Menu

Public IPv6

Every VM on Metalhost gets a public, routable IPv6 address for free — it's part of the public NIC that comes with the VM. You don't opt in or pay for it; it's just there unless you explicitly make the VM private-only.

How it works

When a VM is created, one global unicast IPv6 address is reserved from the datacenter's IPv6 pool and configured on the VM's public network interface. The address is written into the guest's network config at boot, so it's live as soon as the VM is up — no DHCP wait, no manual setup inside the VM.

  • Free — there's no per-address charge for IPv6, unlike IPv4.
  • Always on — every VM gets one unless it's marked private-only.
  • Stable — the address persists across stop/start, restart, and resize. Deleting the VM releases it.
  • Routable — it's a real internet address, reachable from anywhere IPv6 reaches.

Reaching your VM over IPv6

Find the address on the VM's overview under Public IPv6 (and in the Access card). From an IPv6-capable client:

ssh user@2606:2a80:...

Note that inbound IPv6 is gated by the same firewall as IPv4 — see below. If your local network or ISP doesn't offer IPv6 connectivity, you'll need a public IPv4 to reach the VM directly.

Firewall

The public NIC is default-deny for both IPv4 and IPv6. A baseline SSH rule is seeded at create so you can get in; everything else is closed until you open it. Firewall rules accept IPv6 source CIDRs (e.g. 2001:db8::/32) just like IPv4 — a rule with an empty source applies to both families.

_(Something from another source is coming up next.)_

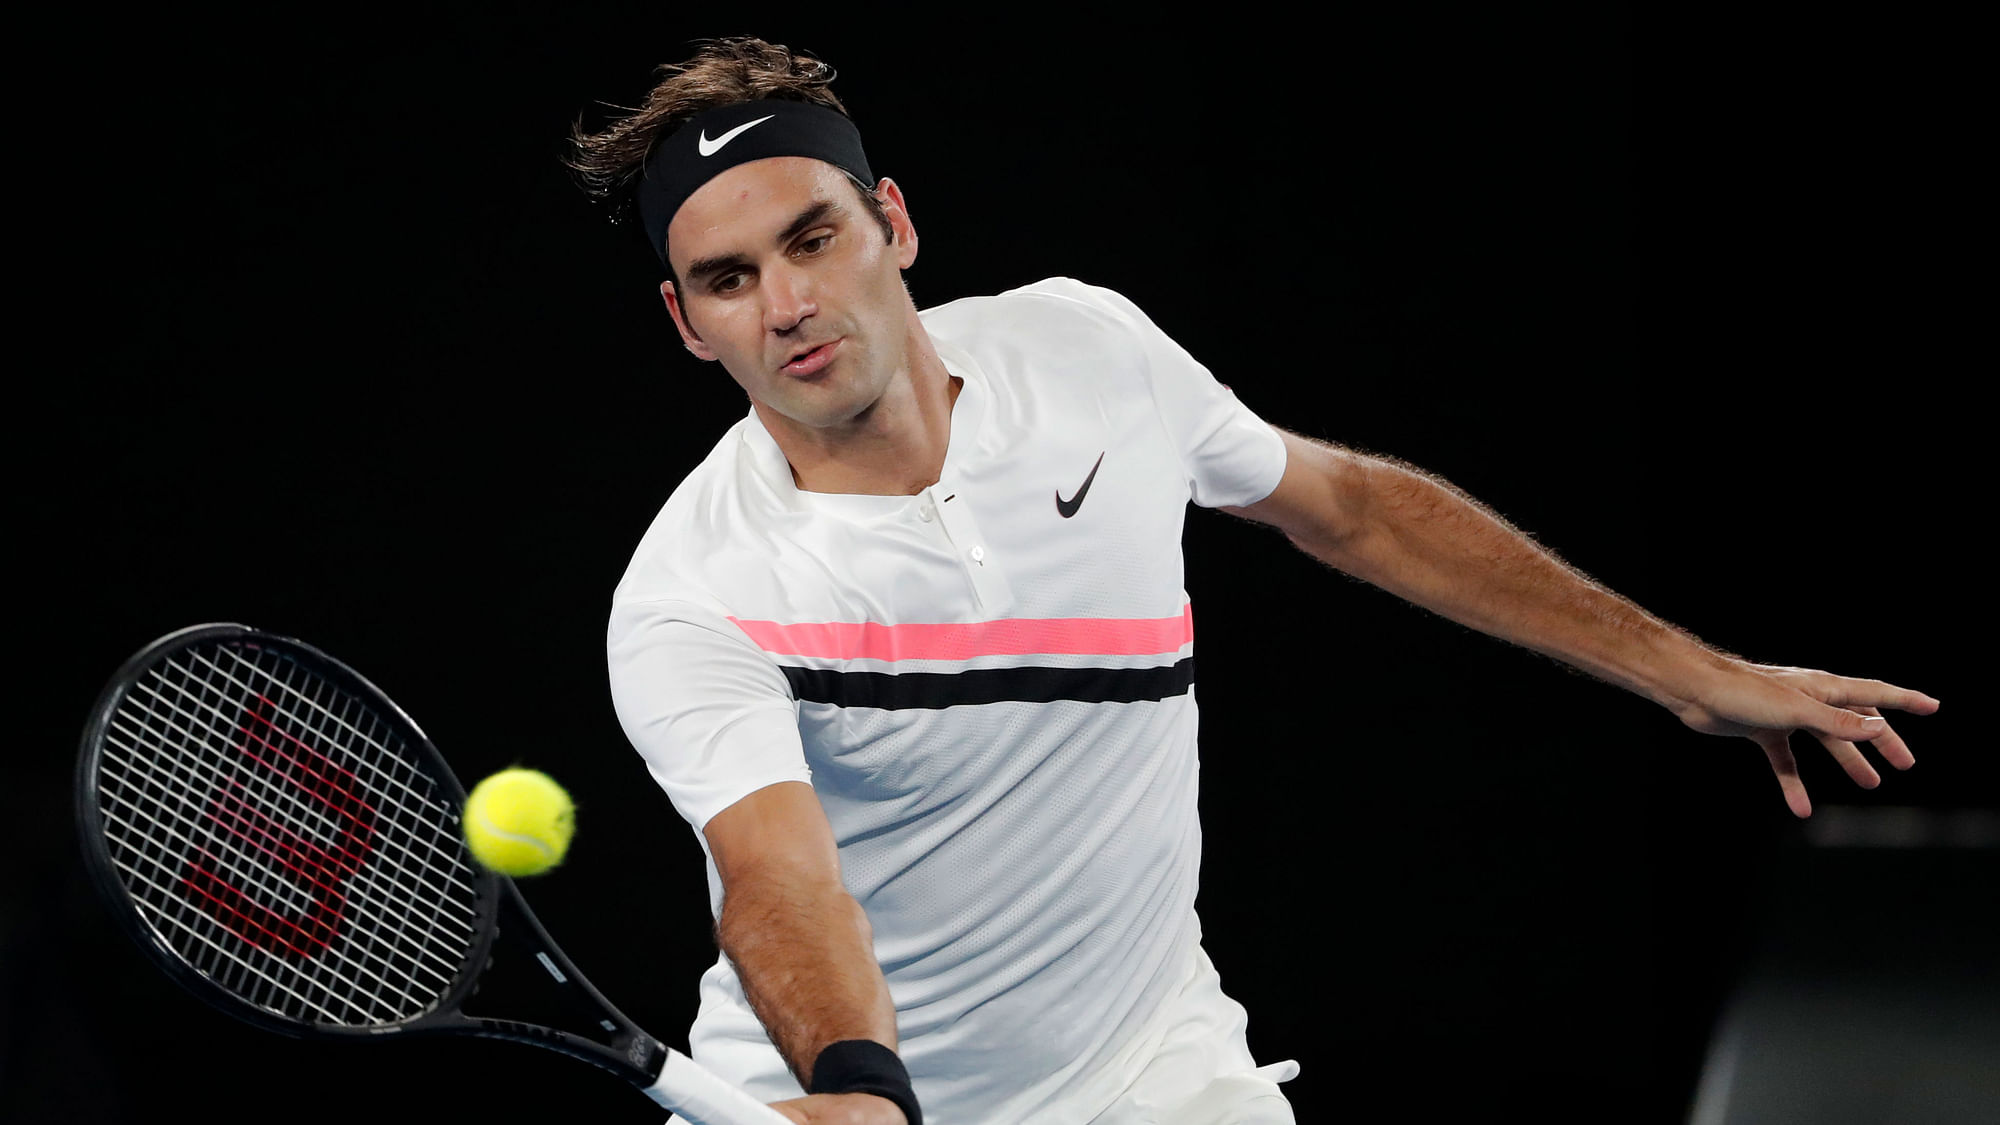 Switzerland’s Roger Federer makes a forehand return to France’s Richard Gasquet during their third round match.

Opting out: private-only VMs

If you want a VM with no internet exposure at all, toggle Private only at create time. That VM gets no public NIC — no IPv6 and no IPv4 — and is reachable only inside your project's VPC. Outbound internet still works through NAT, so it can pull packages and updates. This is a create-time choice; you can't remove the public NIC from an existing VM.